_Supplied material_
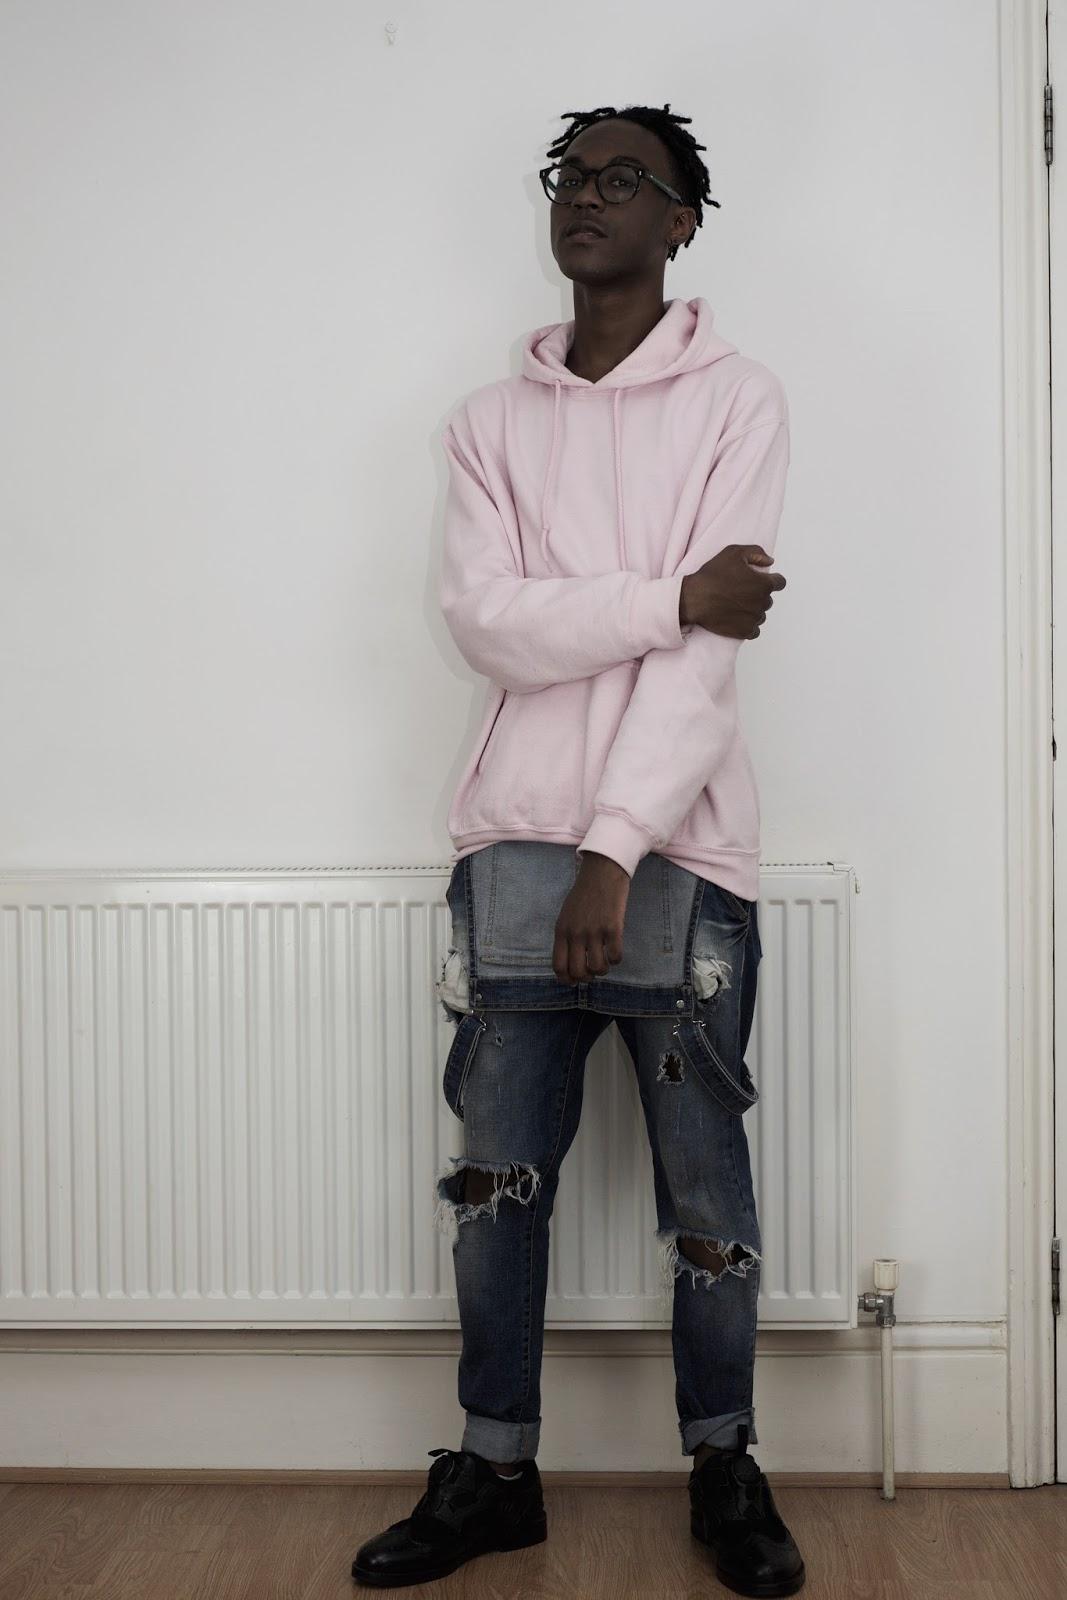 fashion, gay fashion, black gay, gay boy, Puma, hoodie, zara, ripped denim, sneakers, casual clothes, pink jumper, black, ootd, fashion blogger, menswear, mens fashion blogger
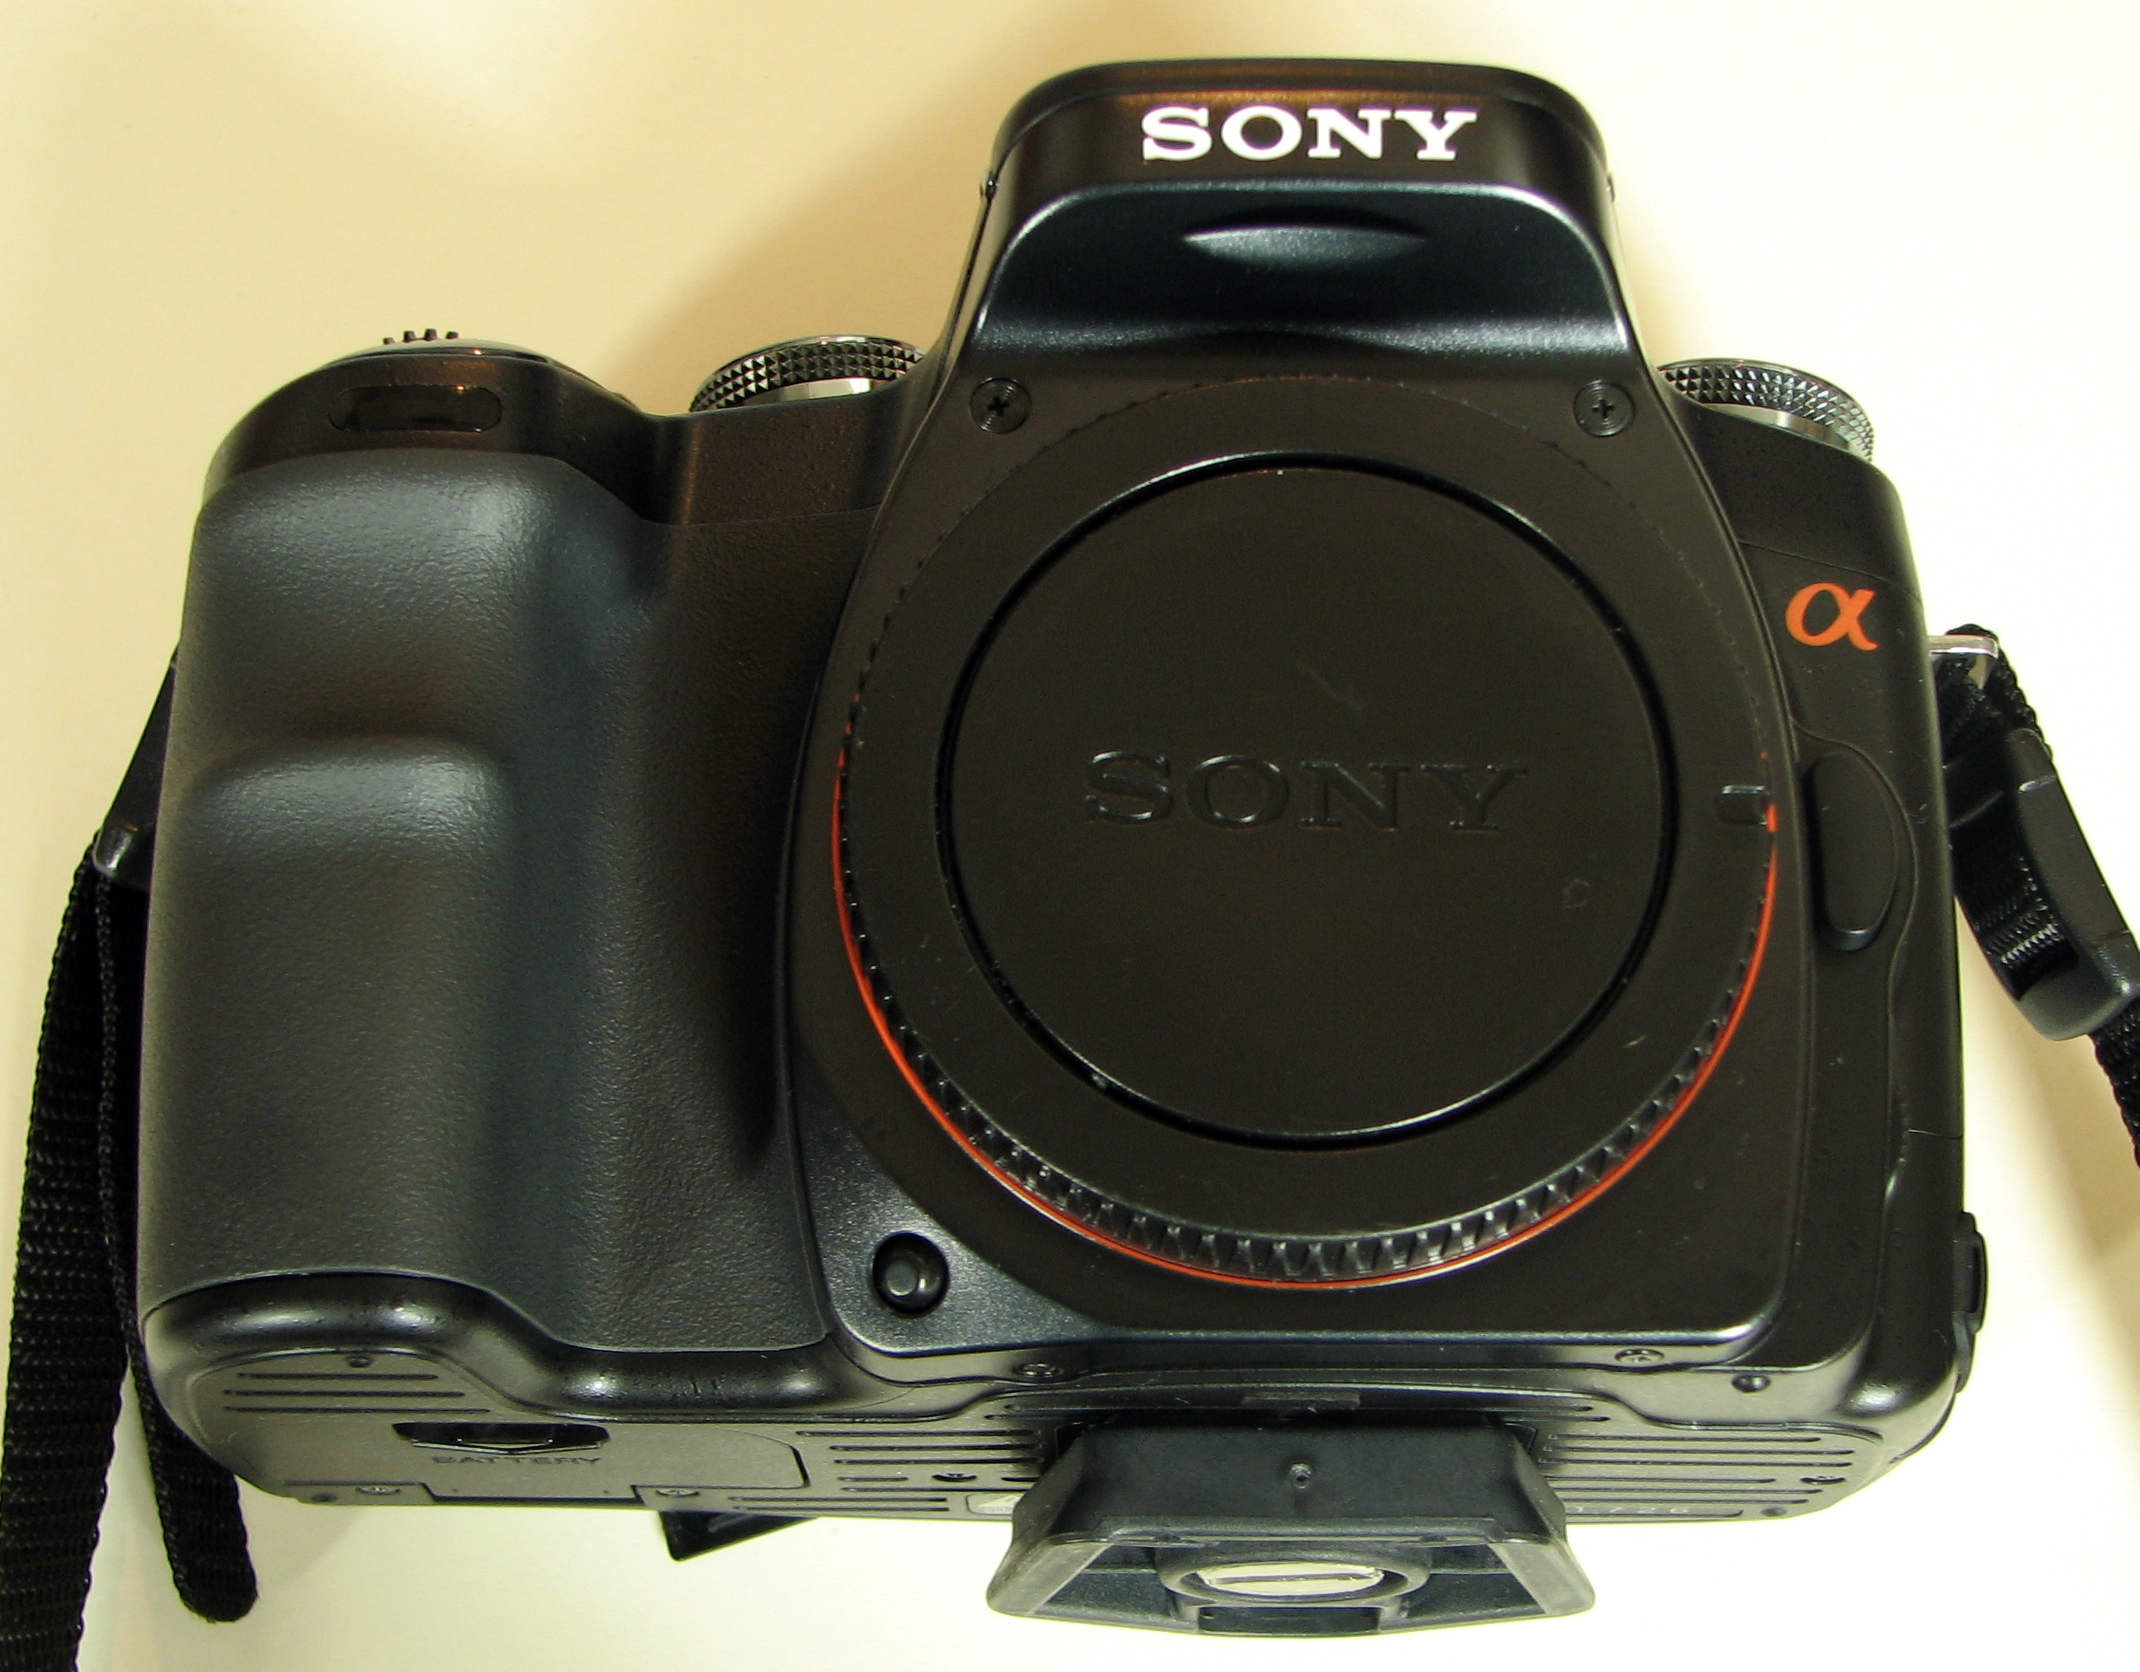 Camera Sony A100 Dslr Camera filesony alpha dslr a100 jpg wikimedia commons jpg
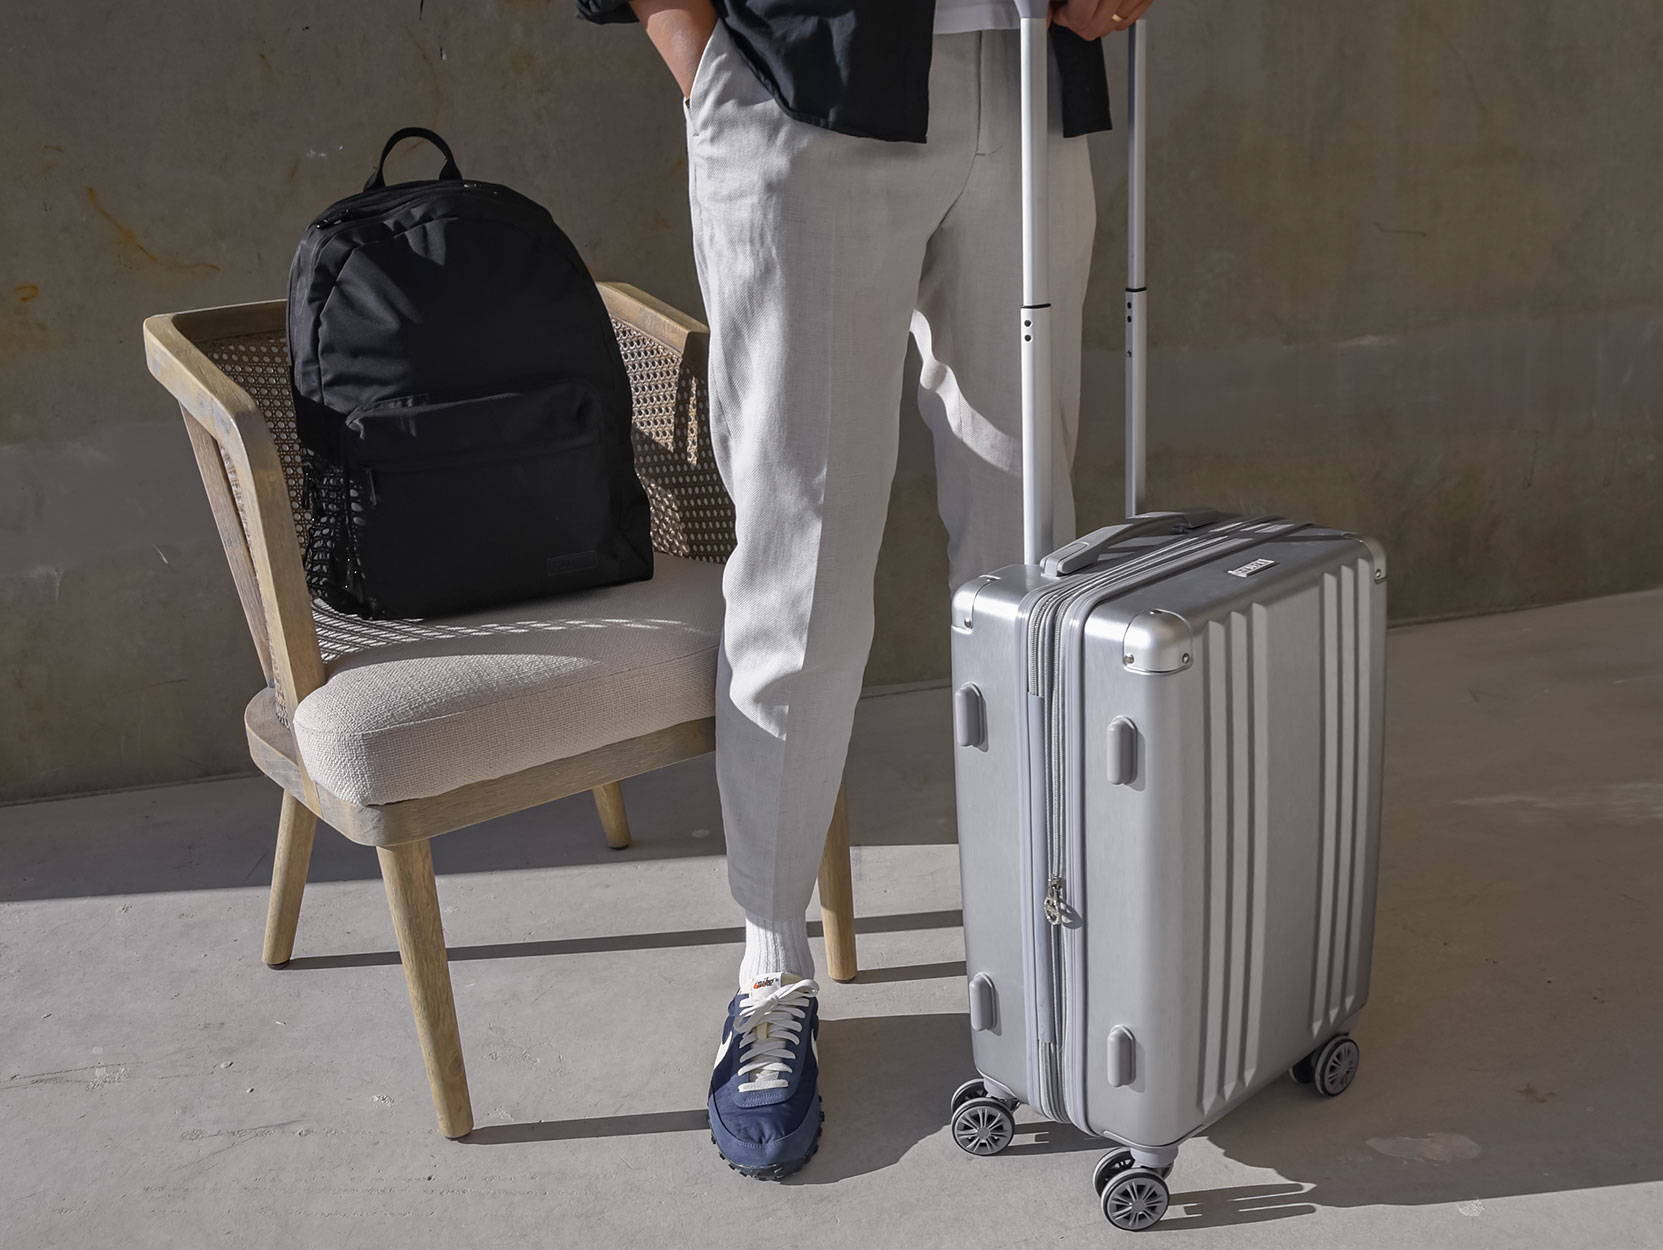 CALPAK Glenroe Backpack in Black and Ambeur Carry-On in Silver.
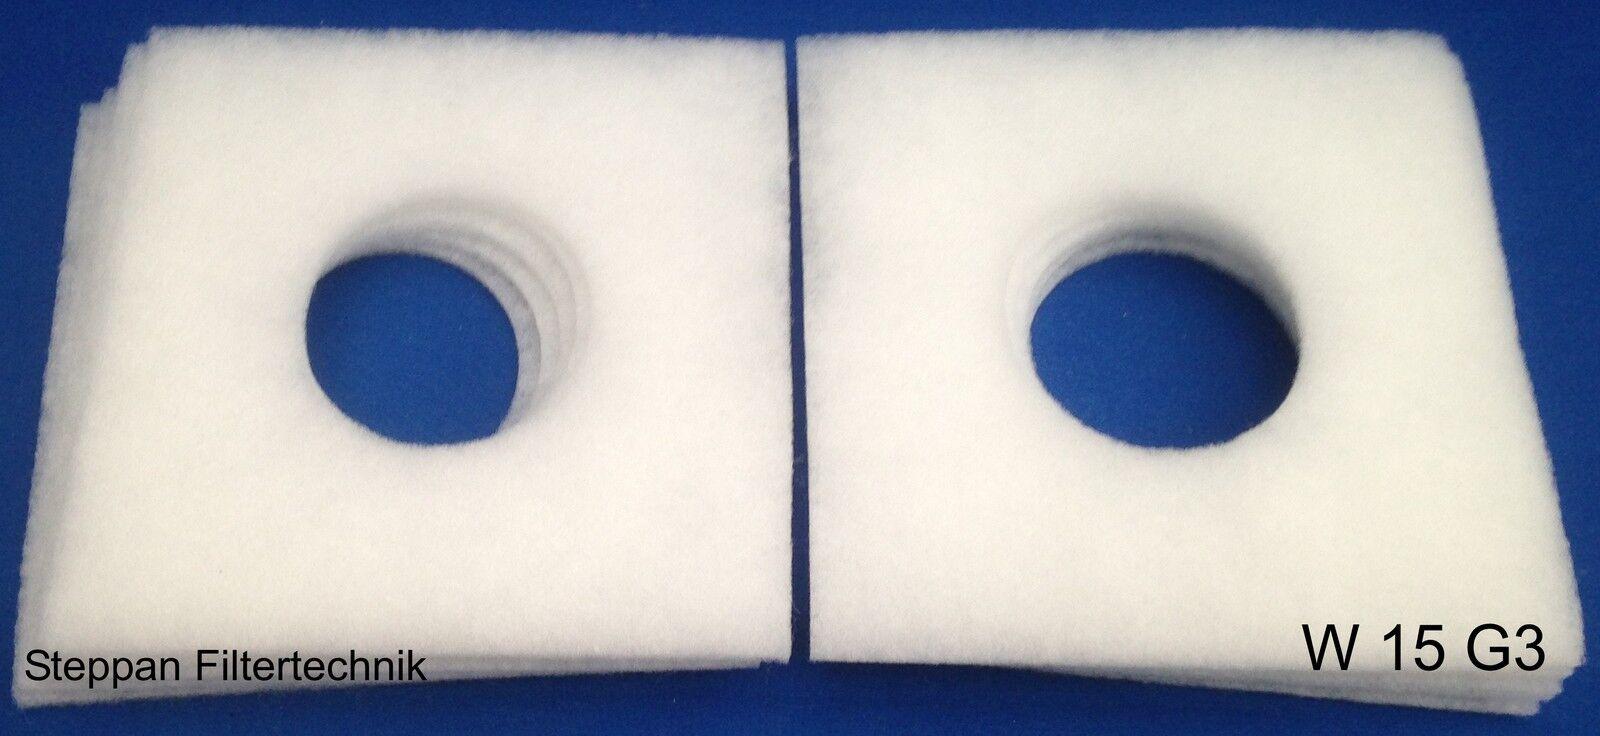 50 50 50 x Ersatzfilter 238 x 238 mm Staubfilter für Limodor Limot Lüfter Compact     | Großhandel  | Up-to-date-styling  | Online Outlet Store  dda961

_What you have to do_
Would you give the data above again word for word, skipping any images?

_Task result_
 fashion, gay fashion, black gay, gay boy, Puma, hoodie, zara, ripped denim, sneakers, casual clothes, pink jumper, black, ootd, fashion blogger, menswear, mens fashion blogger
 Camera Sony A100 Dslr Camera filesony alpha dslr a100 jpg wikimedia commons jpg
 CALPAK Glenroe Backpack in Black and Ambeur Carry-On in Silver.
 50 50 50 x Ersatzfilter 238 x 238 mm Staubfilter für Limodor Limot Lüfter Compact     | Großhandel  | Up-to-date-styling  | Online Outlet Store  dda961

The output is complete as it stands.